Vraagbaak scheikunde

Oplossen of reageren zouten

8 berichten aan het bekijken - 1 tot 8 (van in totaal 8)
  • Auteur
    Berichten
  • #2223 Reageer
    Tim 4 vwo
    Gast

    Oplossingen van hydroxiden worden vaak met hun triviale namen aangeduid. Natronloog kun je op twee verschillende manieren maken. Door natriumhydroxide op te lossen in water, maar ook door natriumoxide te laten reageren met water. Alleen in het laatste geval is er sprake van een chemische reactie.

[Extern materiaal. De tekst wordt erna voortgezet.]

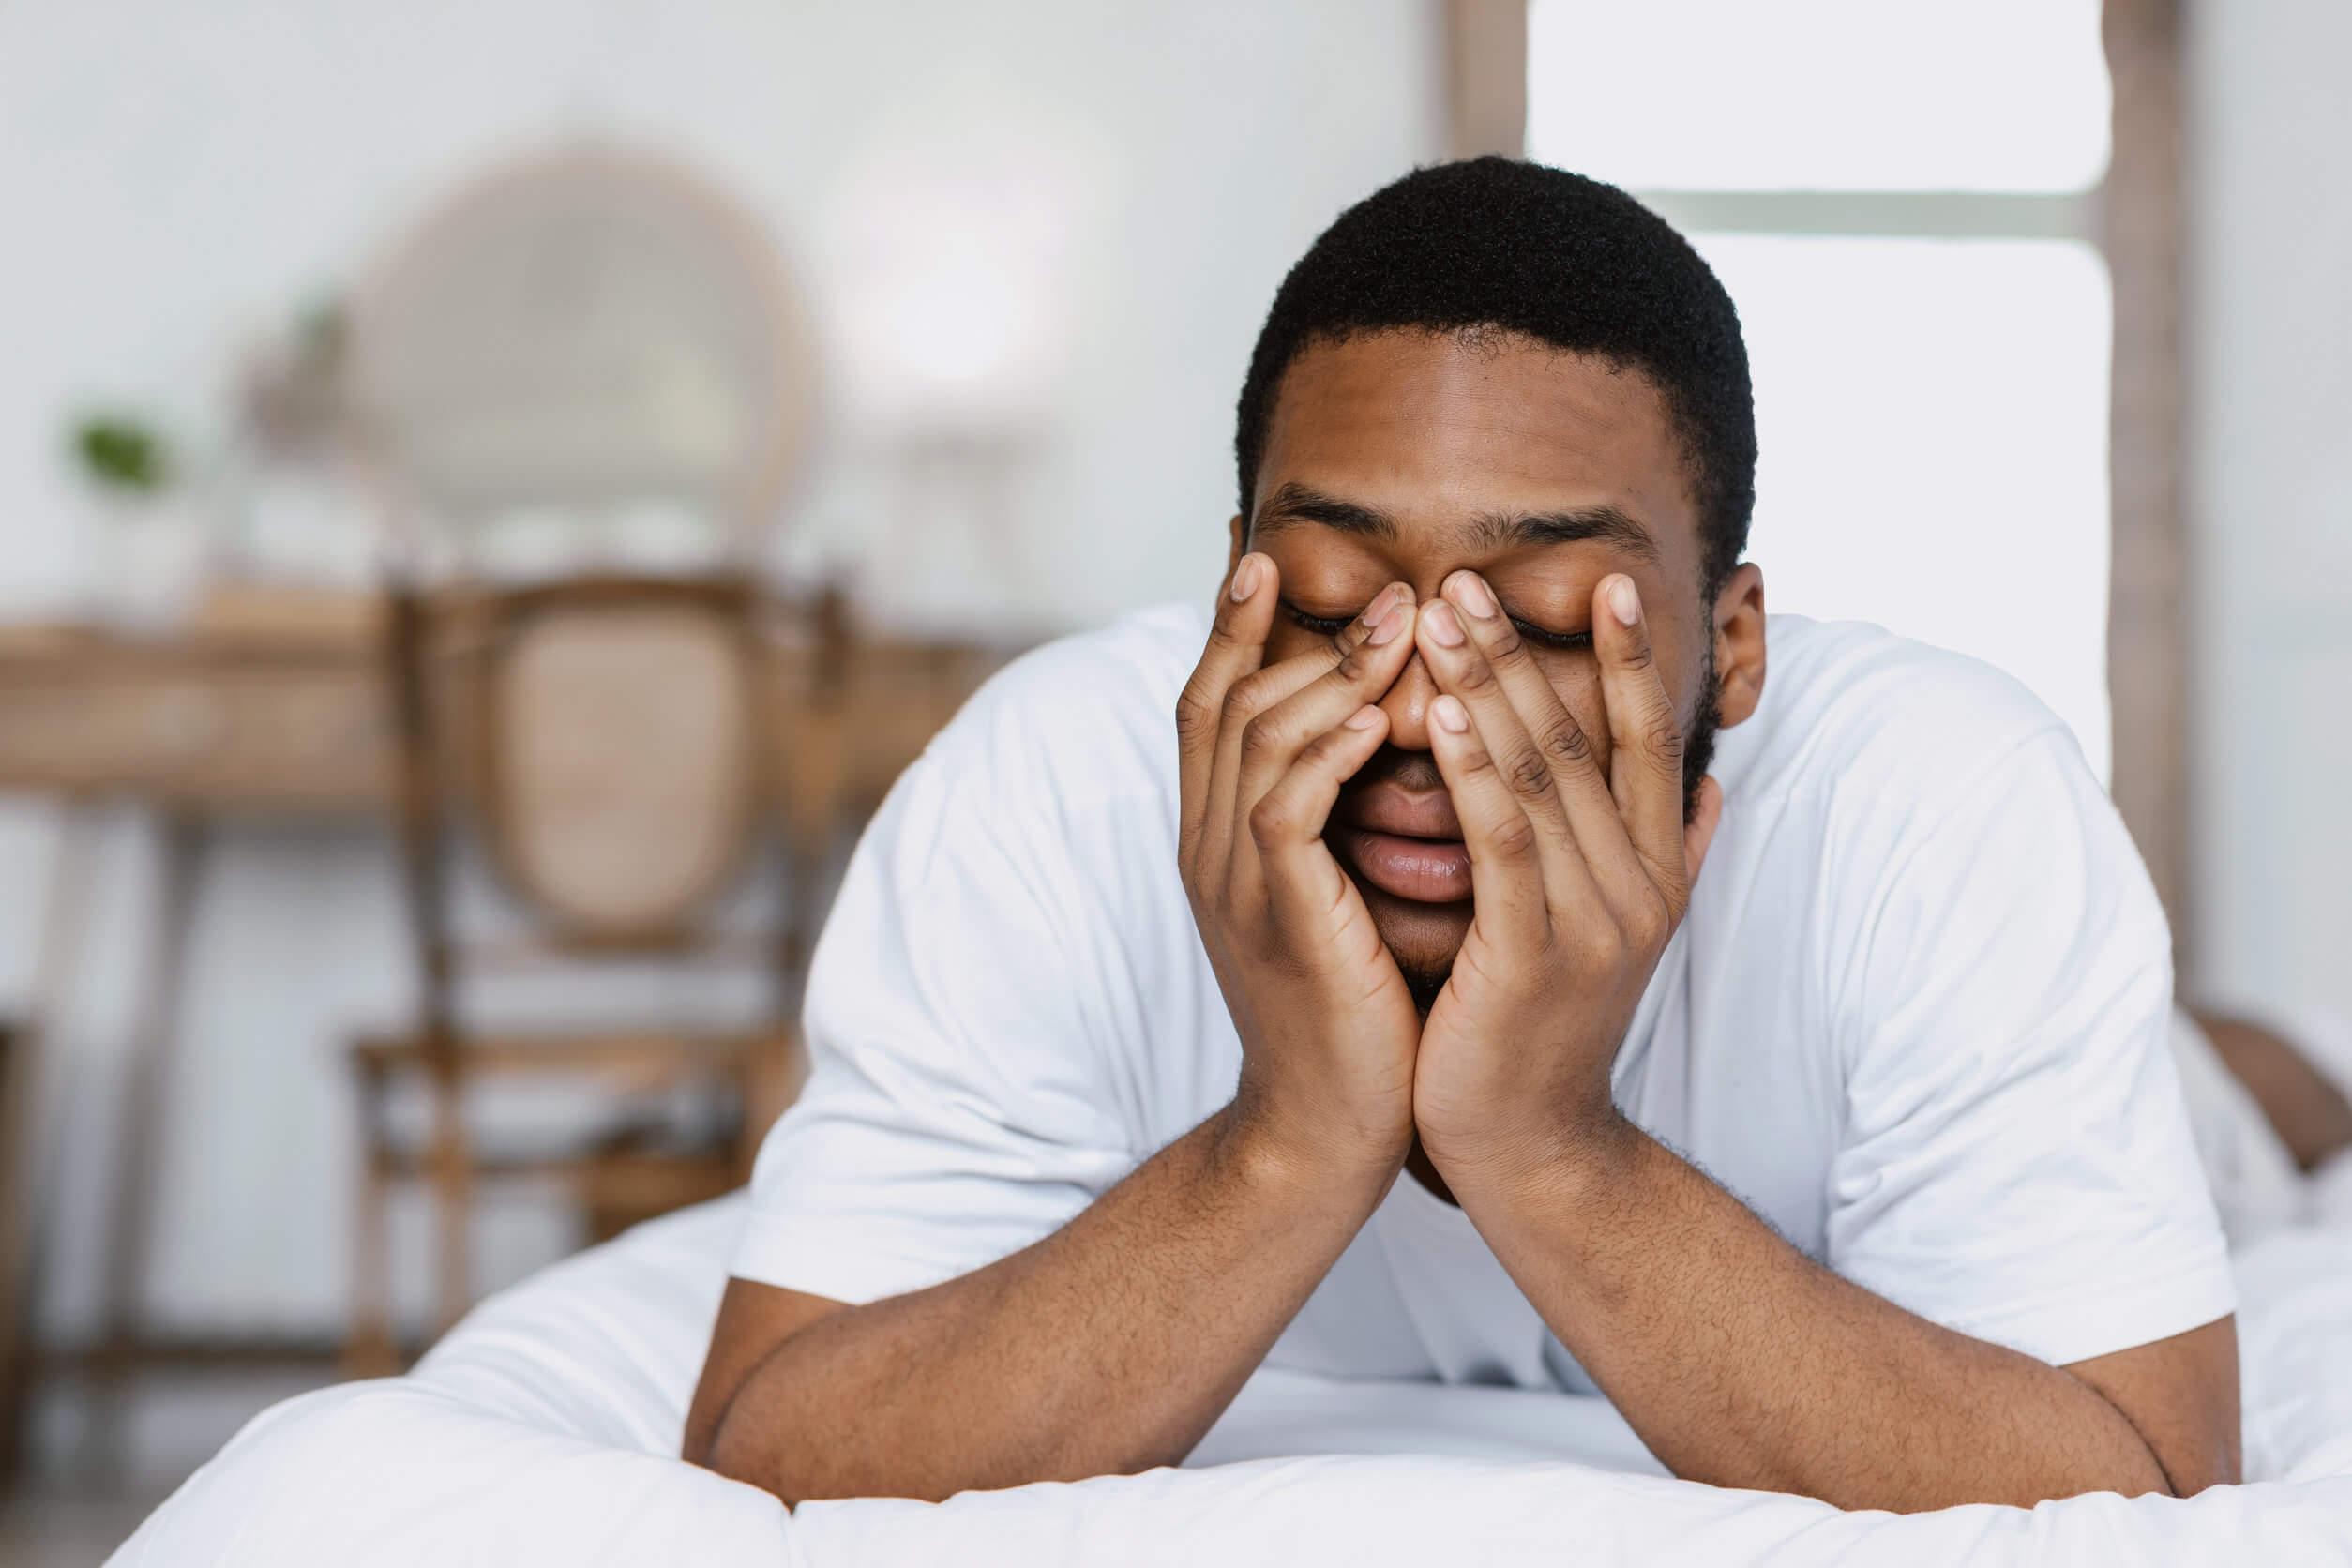 Insomnio y emociones, ¿cuál es su relación?

    Dit staat in mijn boek maar hoezo reageert een stof maar lost hij ook op ik dacht het is of of.

    #2224 Reageer

    Hoi Tim,

    Het gaat er hierbij om dat je op twee verschillende manieren natronloog kunt maken. De ene manier is door een stof op te lossen (natriumhydroxide) en de andere manier is om een stof met water te laten reageren waarbij de reactieproducten oplossen (natriumoxide).

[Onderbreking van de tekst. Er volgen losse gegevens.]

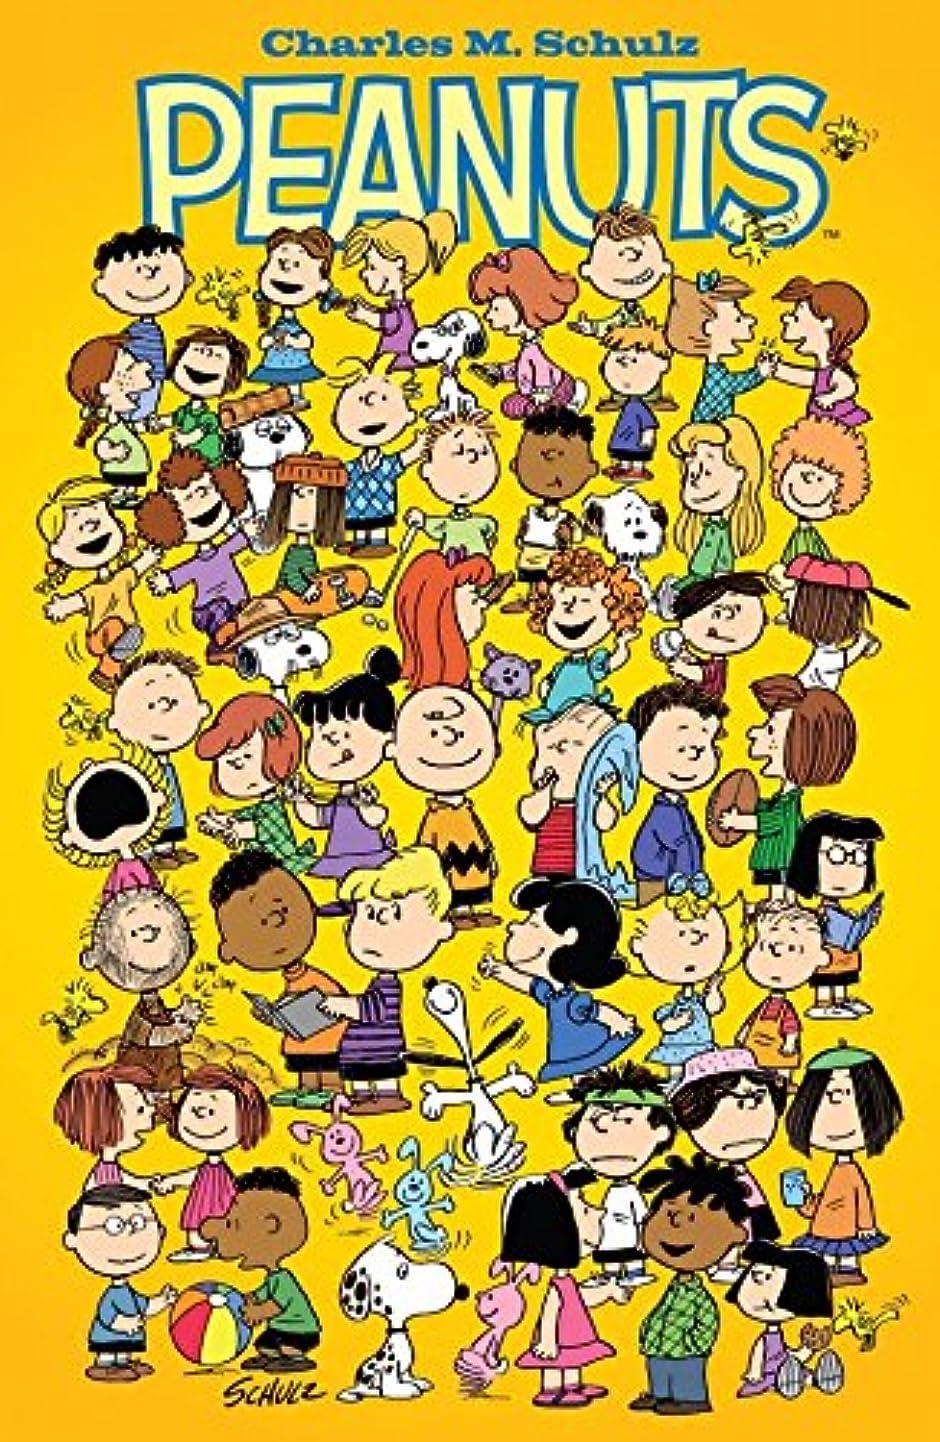 受け入れる酸っぱい広告主Peanuts Vol. 1 (English Edition)

    Om het verschil goed te begrijpen kun je het beste een vergelijking opstellen voor beide processen.

    Kijk die van natriumhydroxide ziet er dan als volgt uit:

    NaOH (s) -> Na⁺ (aq) + OH⁻ (aq)

    Dit is een oplosvergelijking want ik heb voor en na de pijl dezelfde deeltjes. Het enige verschil is dat de deeltjes nu opgelost zijn na de pijl.

    Als je een vergelijking gaat opstellen voor de vorming van natronloog en je maakt daarbij gebruik van natriumoxide dan krijg je geen oplosvergelijking maar een reactievergelijking. Natriumoxide reageert namelijk met water. De natriumoxide lijkt echter op te lossen omdat je een vaste stof in water doet waarna een heldere kleurloze oplossing ontstaat. Er is hier echter sprake van een reactie van de vaste stof natriumhydroxide met water waarbij de producten die ontstaan bij deze reactie oplossen in het water met als gevolg een oplossing. En bij deze reactie ontstaat eveneens natriumhydroxide.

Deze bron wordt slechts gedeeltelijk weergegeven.